Research Projects


SecondWrite

In recent years, there has been a tremendous amount of activity in executable-level research targeting varied applications like security vulnerability analysis, bug testing, and binary optimizations. As part of this project, we have tried to resolve what we believe is a fundamental aberration - in spite of a significant overlap in the overall goals of several source-code methods and executables-level techniques, several sophisticated transformations that are well-understood and implemented in source-level infrastructures have yet to become available in executable frameworks. We believe that one of the prime reasons behind this aberration is that current executable frameworks define their own intermediate representations (IR) which are significantly more constrained than an IR used in a compiler. Intermediate representations used in existing binary frameworks lack high level features like abstract stack, variables, and symbols and are even machine dependent in some cases.

In order to address this aberration, we have developed a novel executable framework called SecondWrite, employing LLVM - a widely used open-source compiler IR. We have developed several techniques for segmenting the flat address space in an executable containing undifferentiated blocks of memory . We demonstrate the limitations of existing frameworks in this regard and present techniques such as converting the physically addressed stack in an executable to an abstract stack and promoting memory locations to symbols.

We have also proposed scalable static analyses to recover variables, data types, and function prototypes from x86 executables.
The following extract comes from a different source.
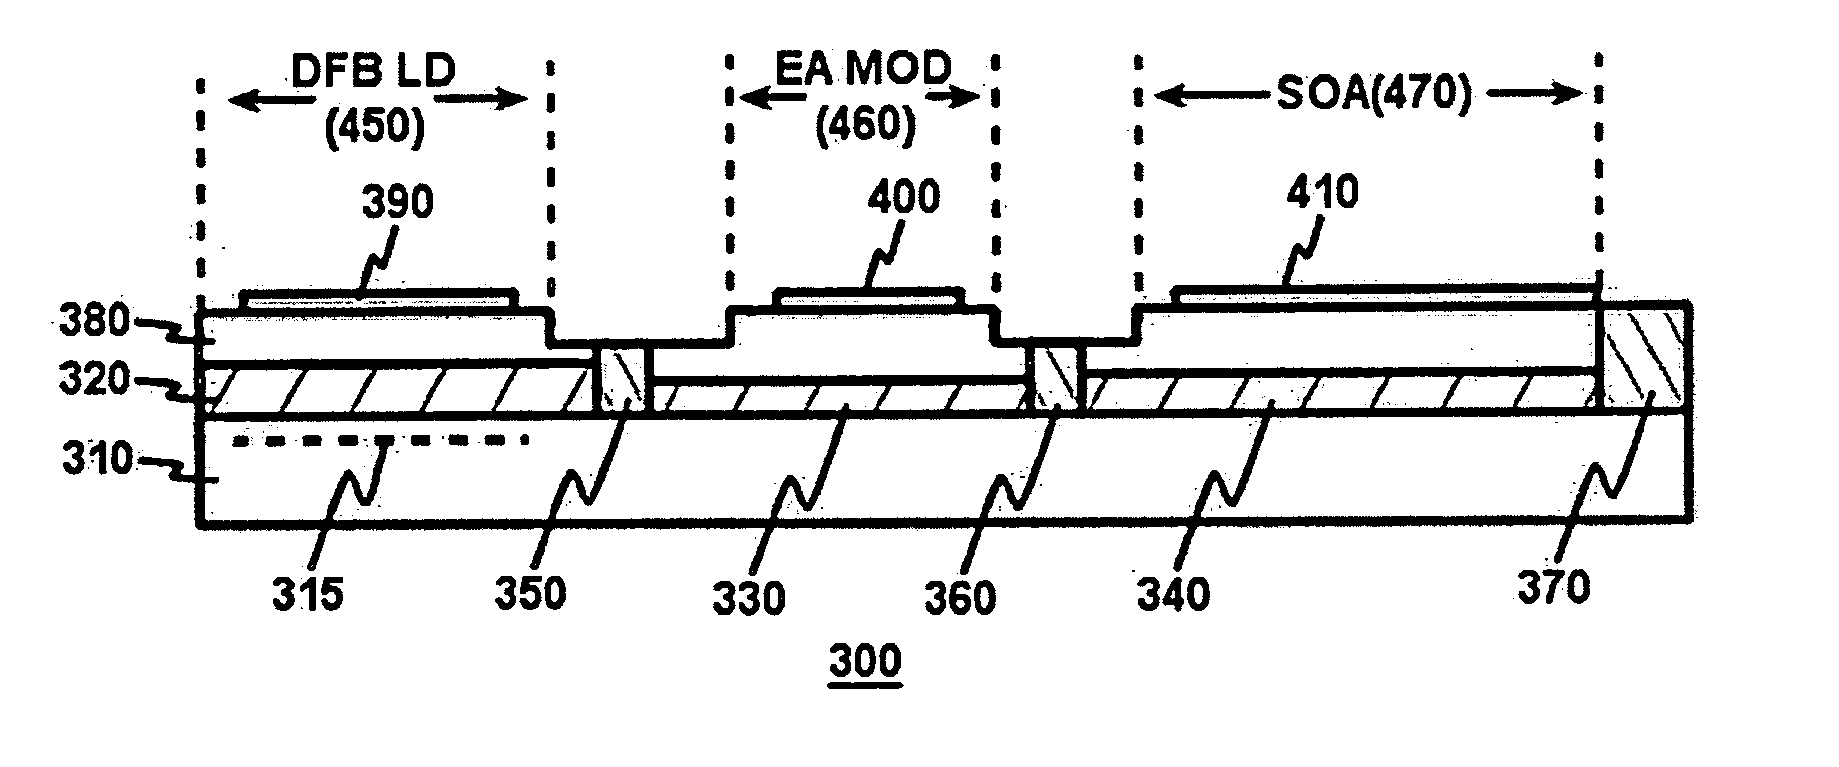 Semiconductor monolithic integrated optical transmitter
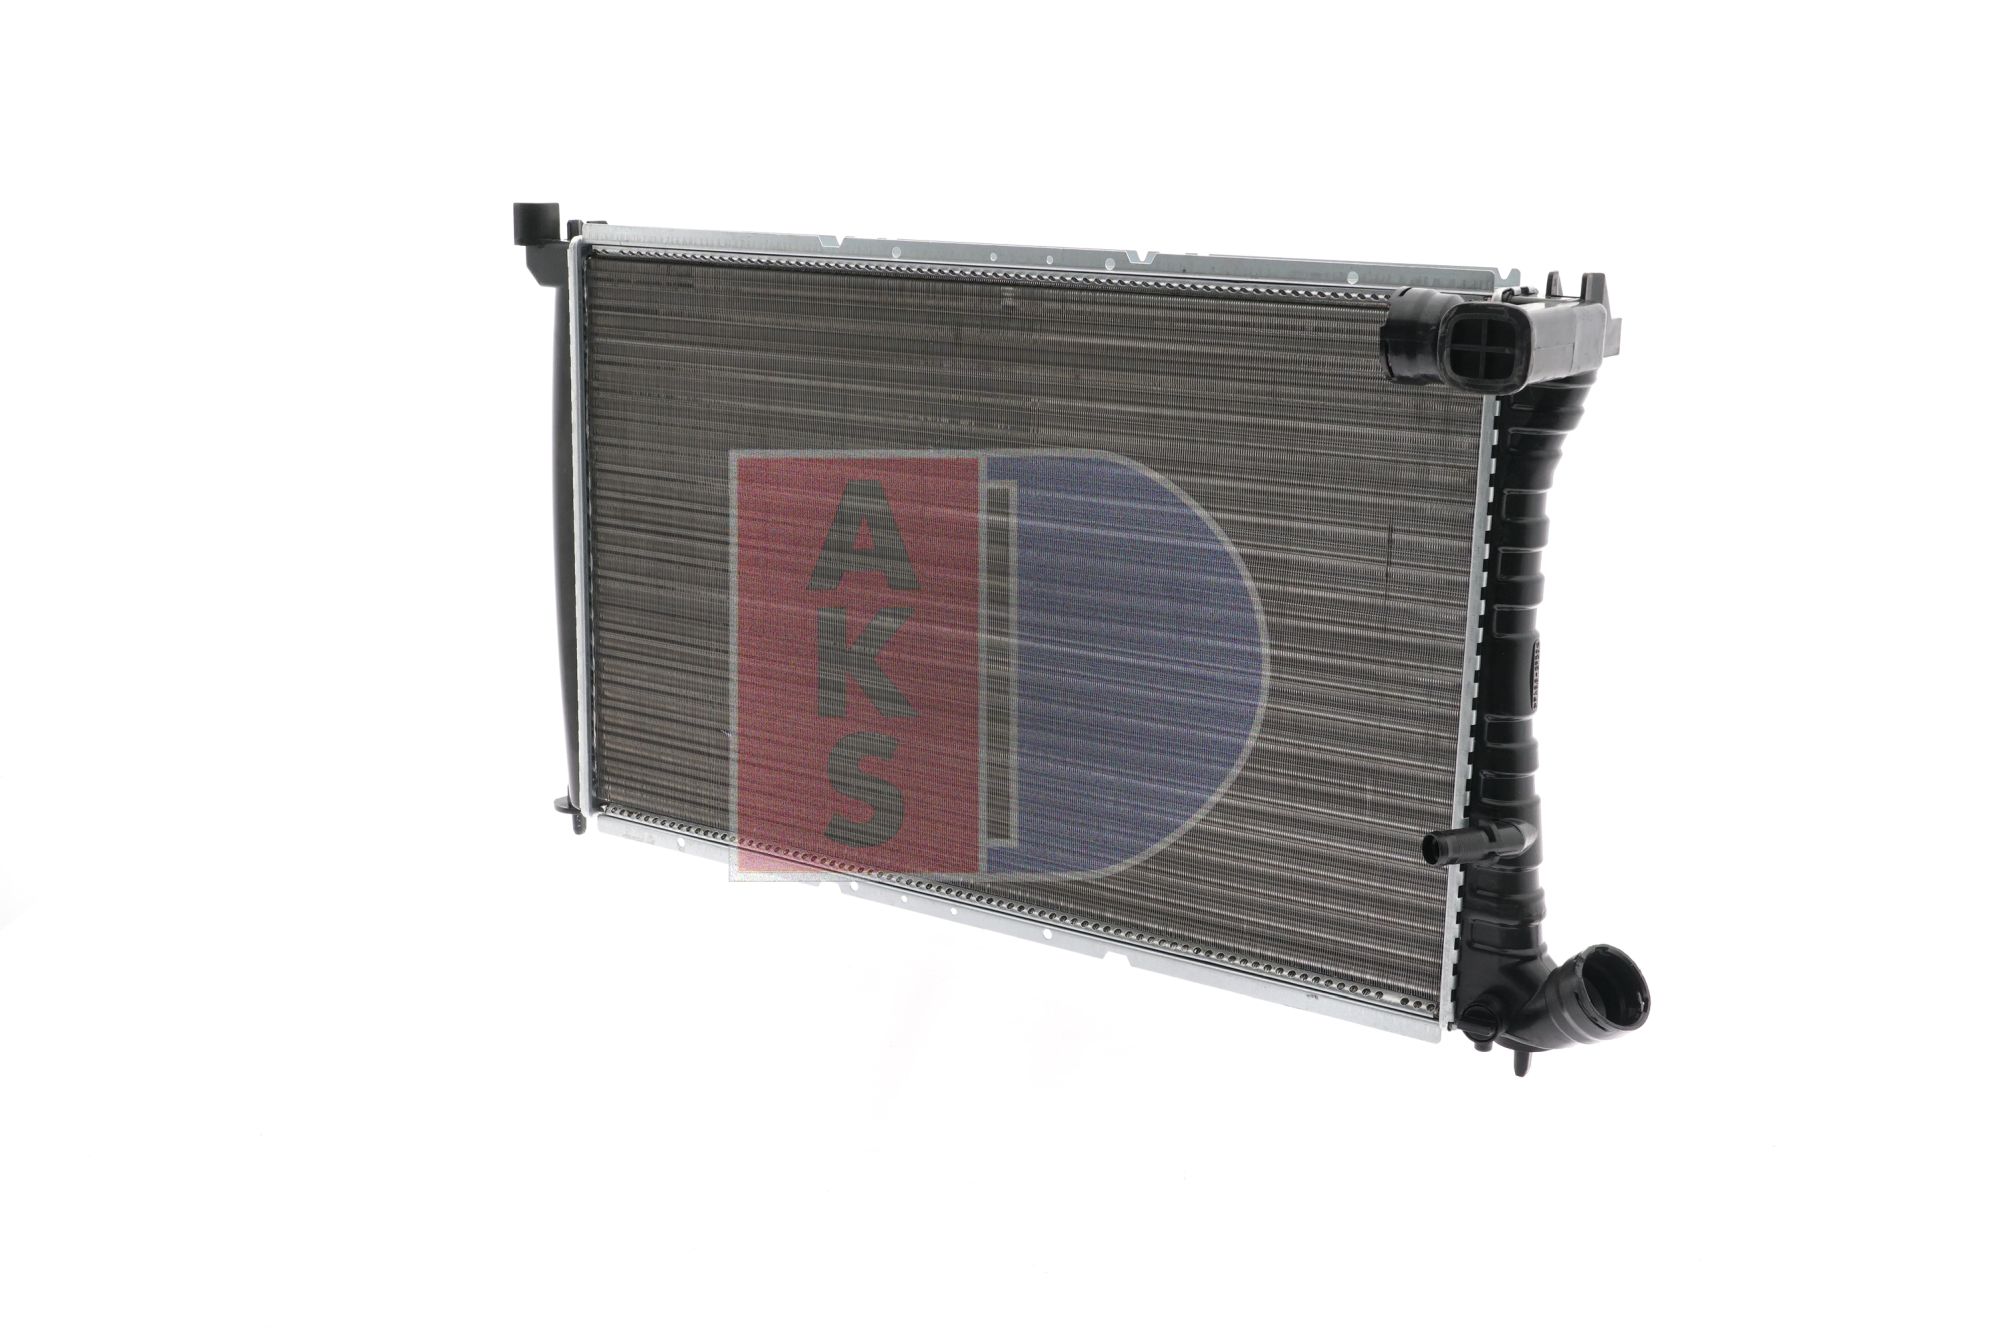 AKS DASIS 160350N Engine radiator 640 x 398 x 36 mm, Mechanically jointed cooling fins

Our techniques can run 352X faster than current techniques and still produce the same precision. This enables analyzing executables as large as millions of instructions in minutes which is not possible using existing techniques. Our techniques can recover variables allocated to the floating point stack unlike current techniques.

We exemplified the unique benefits of SecondWrite by implementing advanced transformation such as automatic parallelization inside our framework. SecondWrite has also been employed to embed various user specified security policies inside executables.


Memory Management inside Binary Rewriter


Cache memories in embedded systems play an important role in reducing the execution time of the applications. Various kinds of extensions have been added to cache hard- ware to enable software involvement in replacement decisions, thus improving the run-time over a purely hardware-managed cache. Novel embedded systems provide the facility of locking one or more lines in cache - this feature is called cache locking. We presented the first method in the literature for instruction-cache locking that is able to reduce the average-case run-time of the program.


Symbolic Analysis for executables

Symbolic analysis is an abstract interpretation based program analysis method in which the values of program variables are represented by symbolic expressions. It is an advanced program analysis method which is employed regularly in traditional optimizing compilers as well as for detection of parallelism in programs. However, traditional source-level symbolic analysis frameworks are not sufficient for executables. Traditional source-level symbolic analysis frameworks only track symbolic expressions for variables. We proposed a novel symbolic-analysis framework for executables which computes symbolic abstraction for memory locations as well. Such a framework is applicable in improving multiple analysis like value numbering, alias analysis and automatic parallelization for executables.